When you transcribe the data below, reproduce every line exactly and leave each picture out.
═════ INFORMATION SHOWN ═════
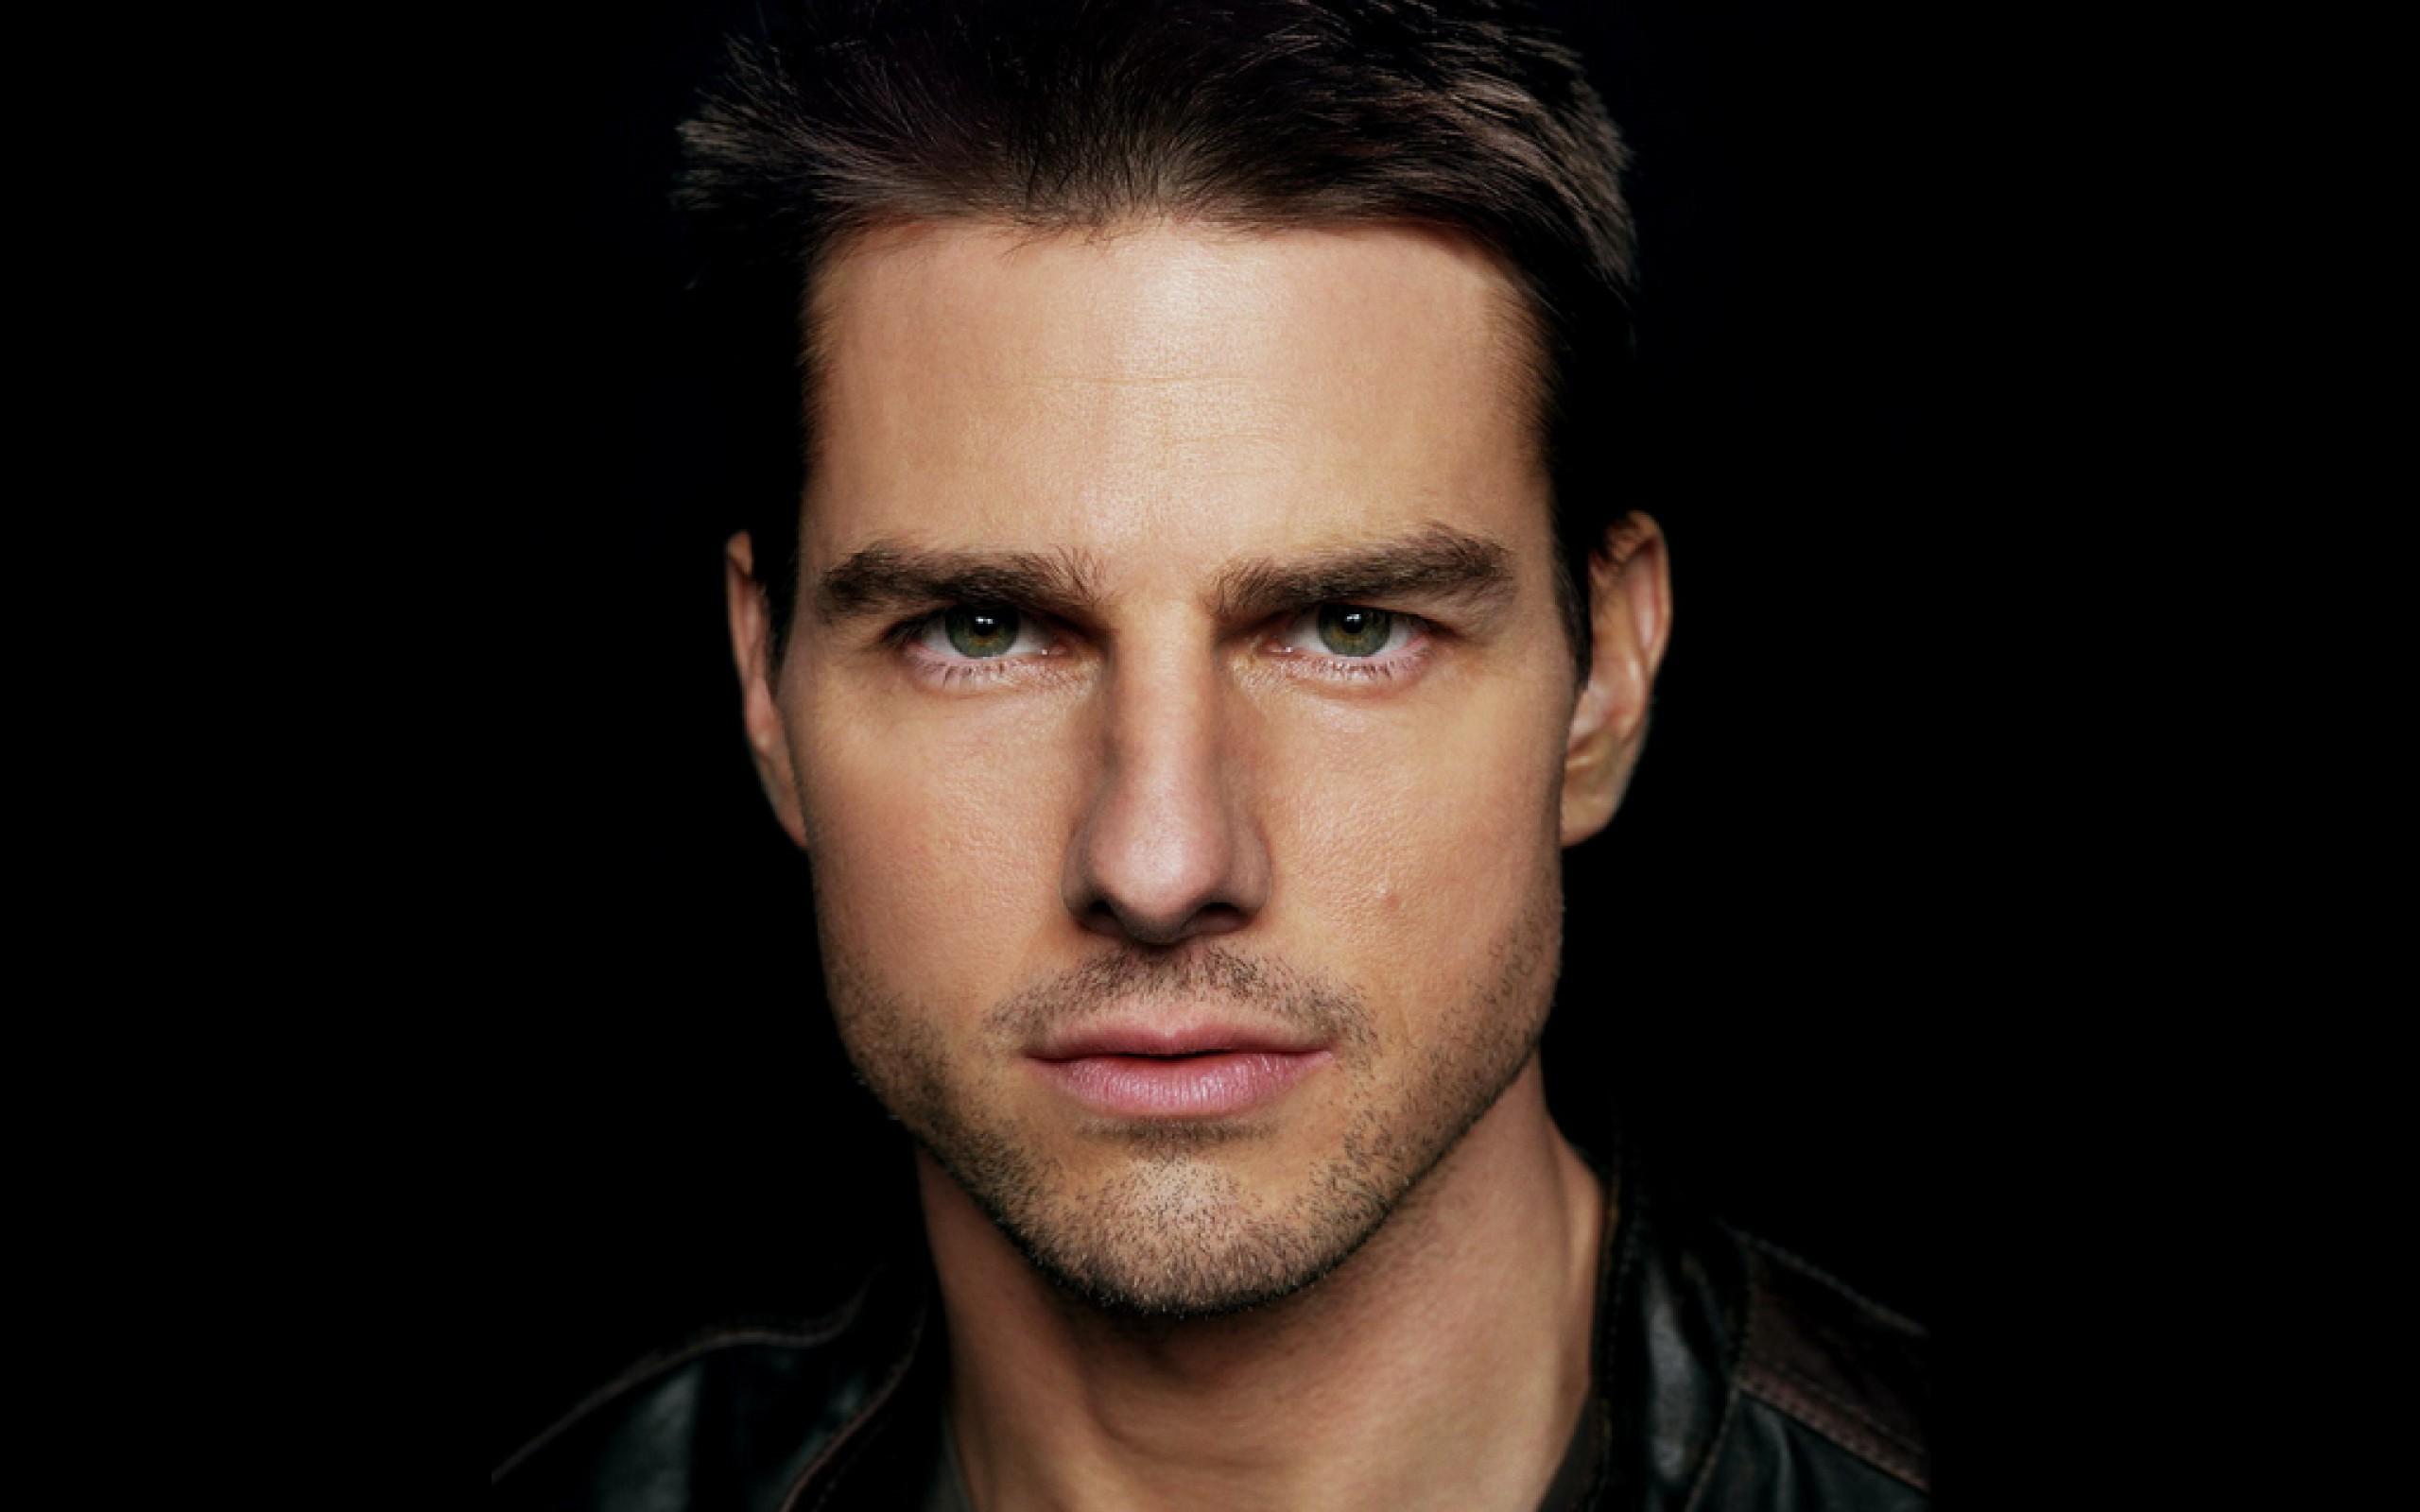 Tom Cruise Wallpaper 13
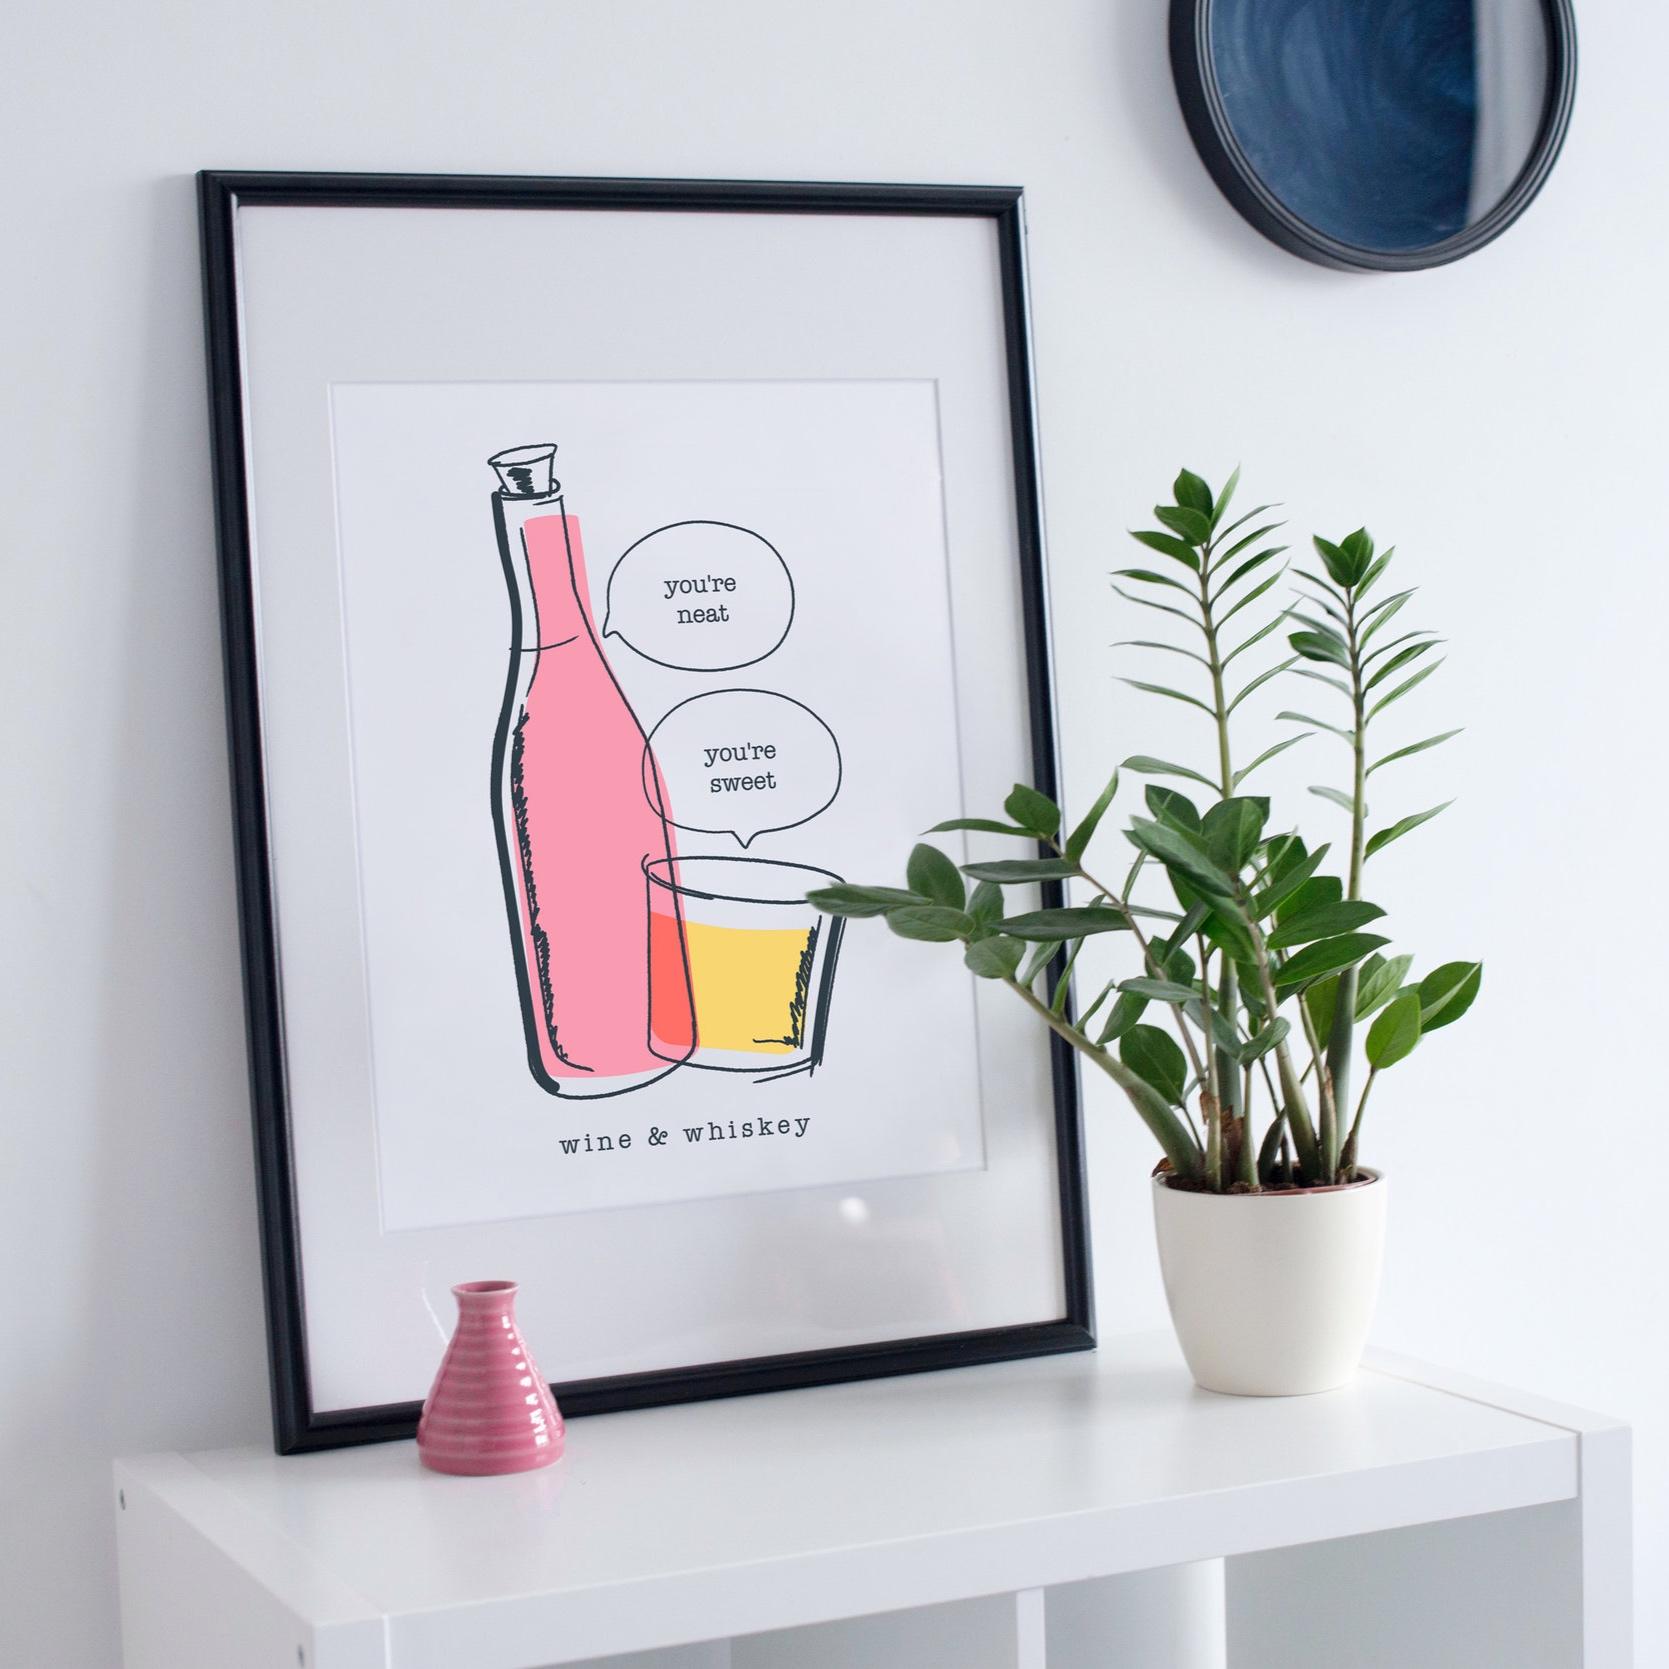 wine-and-whiskey.jpg
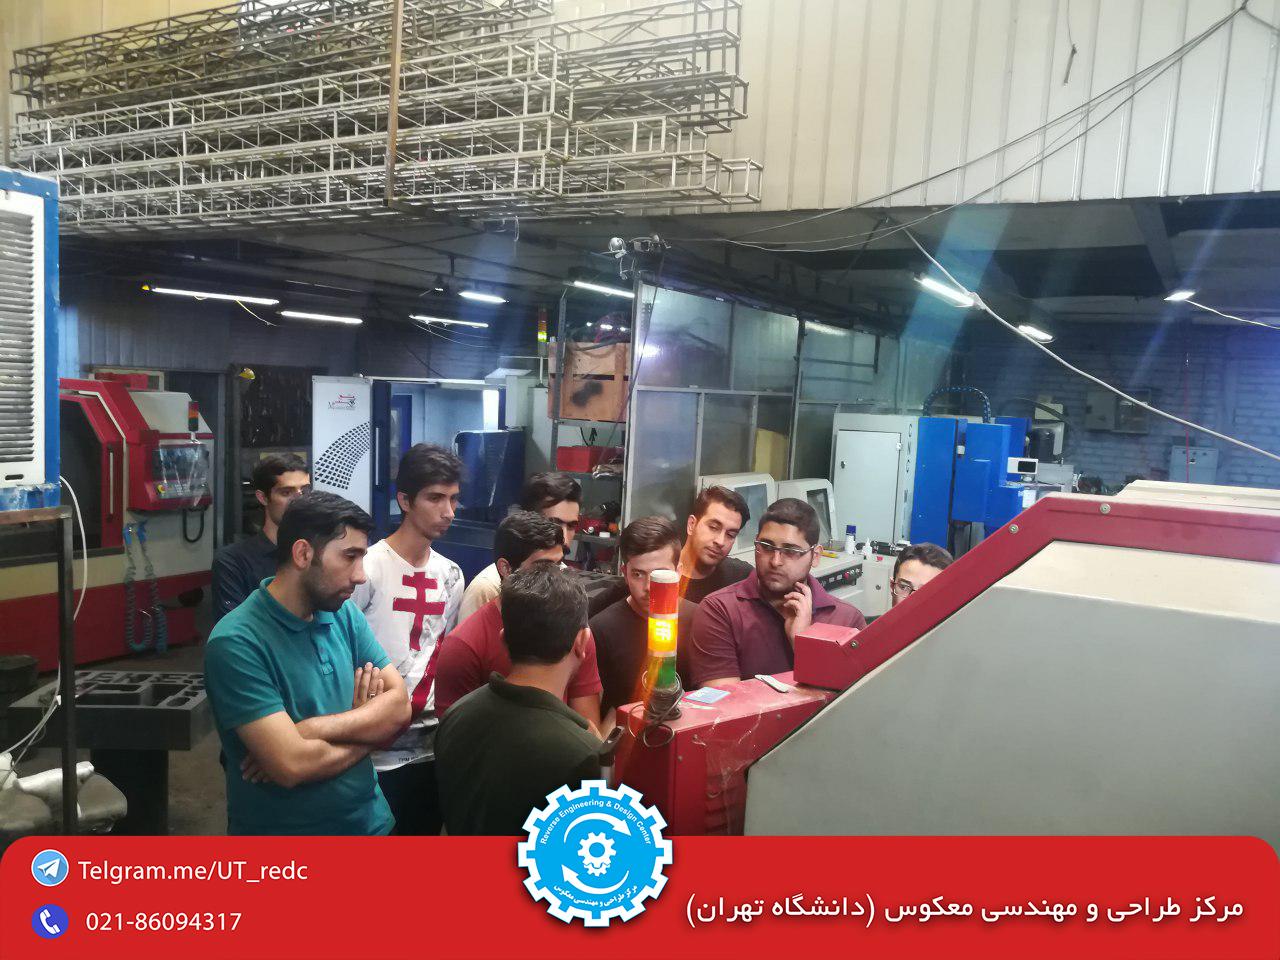 اپراتوری CNC
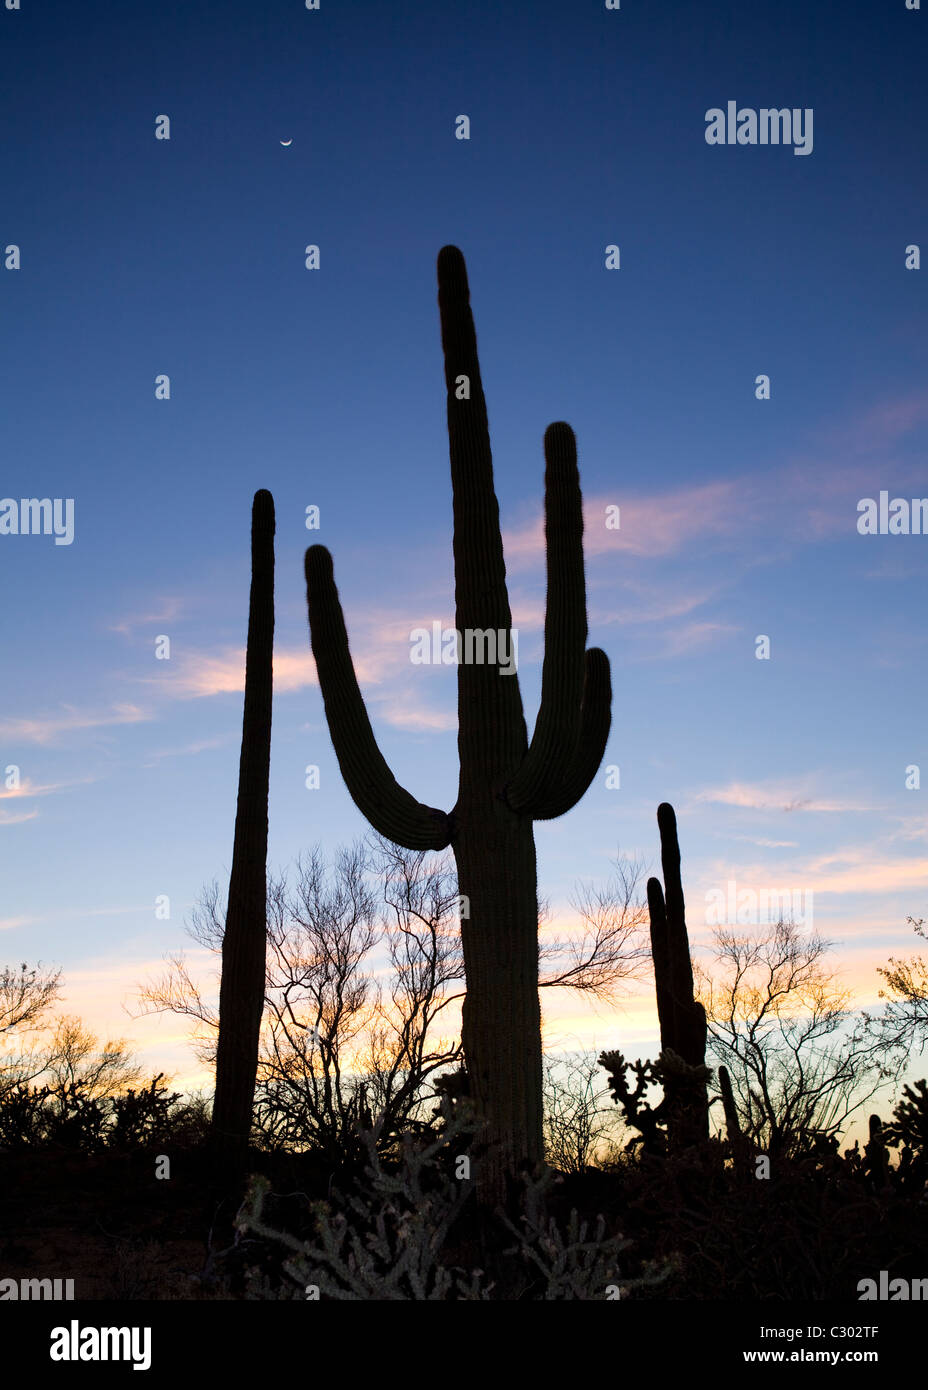 Saguaro-Kaktus-Feld - Saguaro National Park, Arizona USA Stockfoto
═════
» ANSWER TO THIS TASK
 Tom Cruise Wallpaper 13
 wine-and-whiskey.jpg
 اپراتوری CNC
 Saguaro-Kaktus-Feld - Saguaro National Park, Arizona USA Stockfoto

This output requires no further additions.